Формирующийся на Юге Контрмодерн, несмотря на извращение мусульманской цивилизационной традиции, в отличие от Запада, формально остается в ее рамках. Симбиоз же его с постмодернизмом, хотя и зависимый, обеспечивает раздел сфер влияния в «новом мировом порядке». Запад видит себя в нем «глобальным городом» - наброшенной на мир сетью из примерно трехсот связанных между собой мегаполисов (агломераций), окруженных архаикой «глобальной деревни» Юга.
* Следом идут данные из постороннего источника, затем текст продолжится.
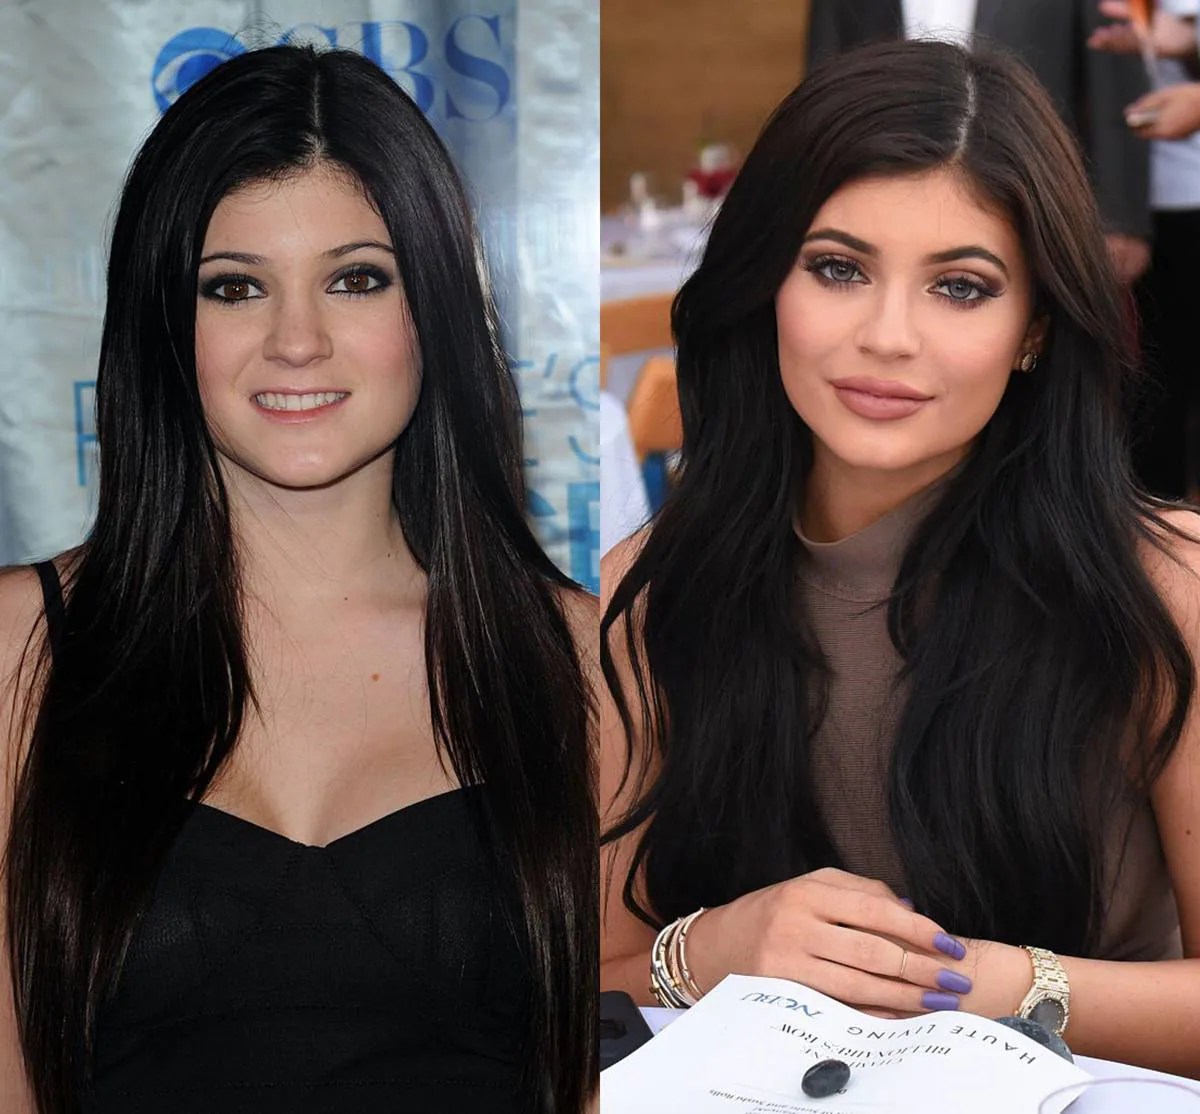 Fans shocked by changing face of Kylie Jenner NZ Herald

Упомянутая российская, а точнее антироссийская концепция «20-ти агломераций» - «ария» из этой самой «оперы». (Не говоря уж о том, что в случае превращения в постмодернисткого западного вассала никаких двадцати агломераций никто нам не позволит; максимум две – Москву и Санкт-Петербург, причем, при непременном условии их разделения новыми квазигосударственными границами).

Модерн Востока также остается самим собой и видит перспективу в переключении на себя управления будущим тех глобальных инициатив, в которые сейчас включается. Под видом многополярности предлагается некая «неоглобализация» «гармоничного мира» - перенос к себе «мирового центра» и замена доллара золотом. Решению этой задачи служит консенсус «устойчивого развития». И если Запад с его помощью продвигает деиндустриализацию, депопуляцию и десоциализацию, которые устраивают и Юг, то Восток развивает эту политику «трех ДЕ» в обратном направлении и, подкапываясь под всевластие западных элит, рвется к лидерству. В определенный момент центром глобальной мир-системы это было осознано: появилась упомянутая концепция «расширения Запада» и резко снизилась цена золота. На этом фоне ожидаемо прекратились информационные «вбросы» о скором крахе доллара, а за ним и США.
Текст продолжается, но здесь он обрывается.